But then we took a tour of Red Rock Canyon National Conservation Area, and my mind’s eye view of Nevada will never be the same.

Millions of years ago, the land that is now Red Rock Canyon laid under a deep ocean. When this ocean receded it left behind deposits of shells and the skeletons of ocean life that lay up to 9,000 feet thick. These deposits, when compressed, formed into limestone and other carbonate rocks.

Over subsequent millions of years, the land changed again and again. At one point, movement deep within the Earth caused the sea bed to rise. Mud and sand entered from streams draining into the landscape and eventually became compressed into shale and sandstone.

By 180 million years ago, the area became the arid desert we know today. Red Rock Canyon is in the Mojave Desert, the driest desert in North America. The dunes that stretched across the area blew and blew, they shifted, then shifted again. The dunes grew and they receded, and over time, they formed lines, “crossbeds” which were cemented together by new sediments, fusing them forever. Iron present in the  sandstone is what gives the rock in the canyon its red color.

And then, finally, about 65 million years ago, there was a dramatic uplift, the Keystone Thrust Fault, from deep within the Earth’s crust. This caused the oldest rock in the crust, the gray limestone carbonate rocks to push up and above the younger sandstone.

To take a look at Red Rock Canyon, we took a jeep tour with a knowledgeable and passionate guide. He took us all around the canyon and answered any and every question we had. If you ever find your way to Las Vegas, look up Pink Jeep for some of the very best tours available anywhere.

One of my favorite places in the canyon is that place where you can see real evidence of Native American life and activity from centuries long past.

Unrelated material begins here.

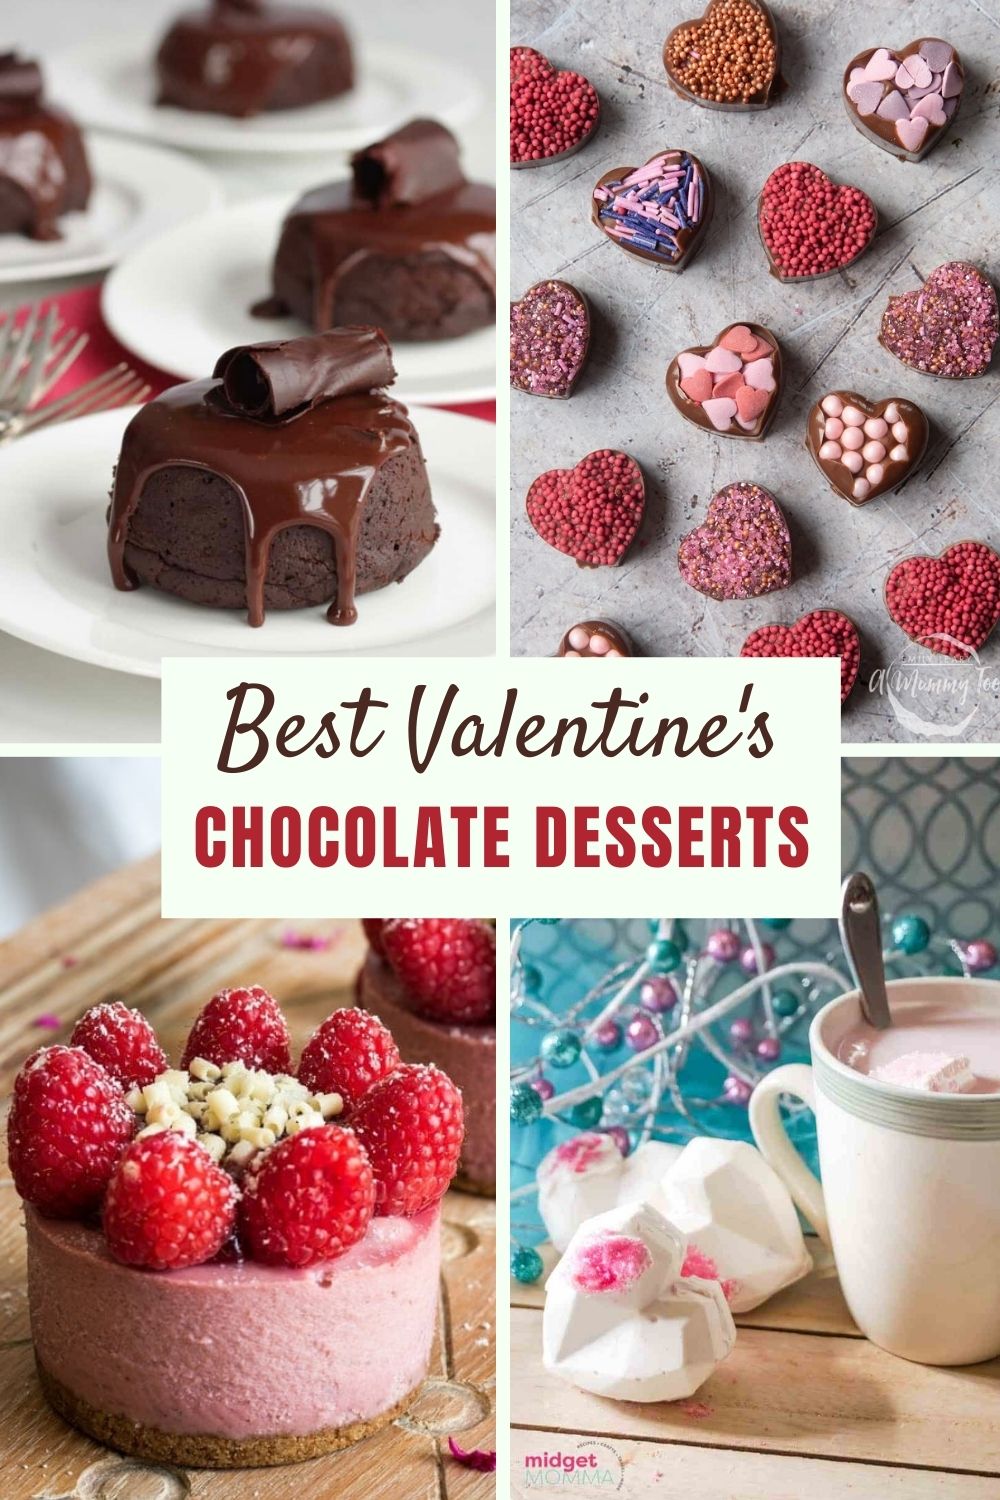 Best Chocolate Desserts for Valentines

We spent a bit of time in this area, enjoying the beauty of the place, as well as discussing the lives of the people who, at one time, called this place home. Hunter-gatherers were the first to inhabit the area, with the most recent occupations being of the Paiute and Anasazi people.

These petroglyphs on the red sandstone are evidence of a people who wished to leave evidence of their having been here, their having been part of the story of mankind…

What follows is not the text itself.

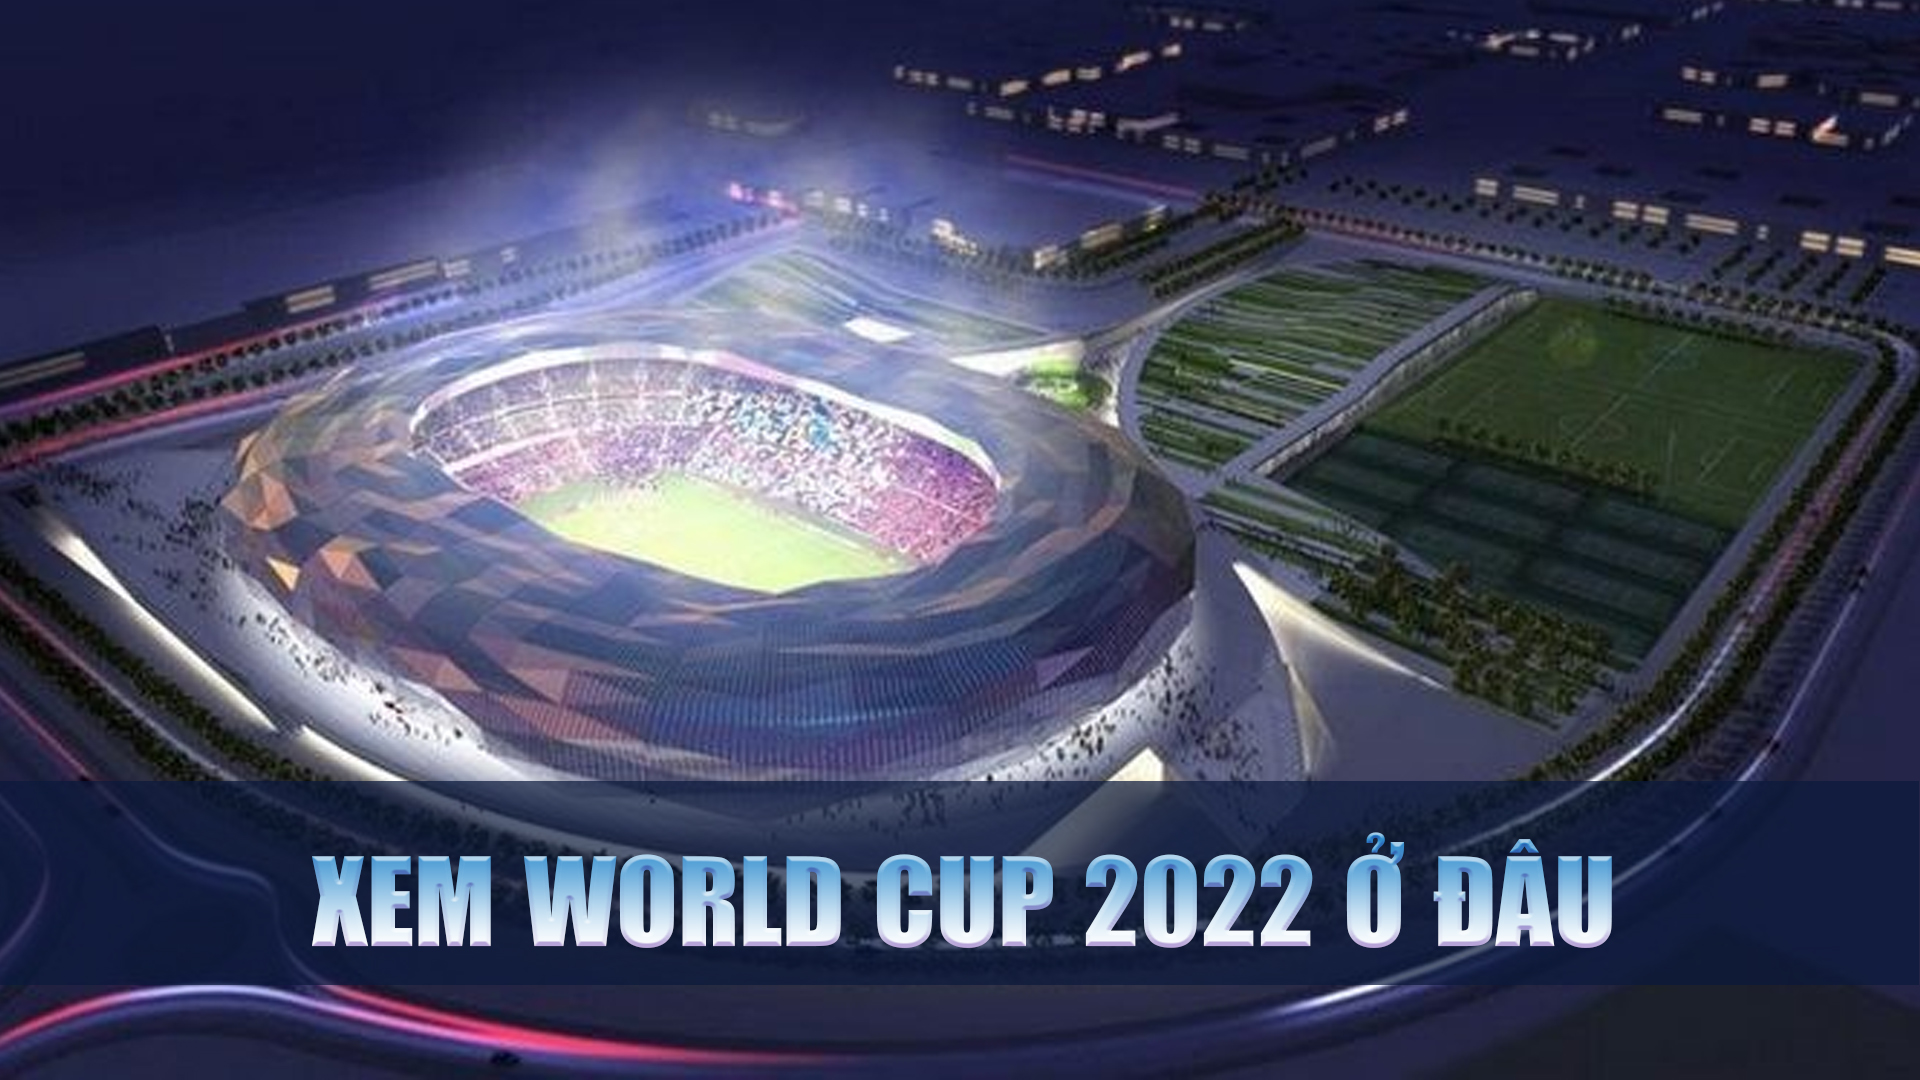 Xem world cup 2022 ở đâu 01

The rock formations in this area are absolutely amazing…

There is evidence at several places of fire pits that were used by the Native Americans. Today those fire pits are home to many desert plants.

I love the flora of any landscape, and Red Rock Canyon was no exception. The canyon is filled with beautiful wildflowers, trees, and bushes. Here are my favorites…

The most impressive was this very old, lone Juniper Tree…

This Cliff Rose was my very favorite…

The Creosote is a very important plant in the arid desert landscape…

This squat little Barrel Cactus…

There are Joshua Trees everywhere throughout the park…

I loved looking “through” this Joshua Tree…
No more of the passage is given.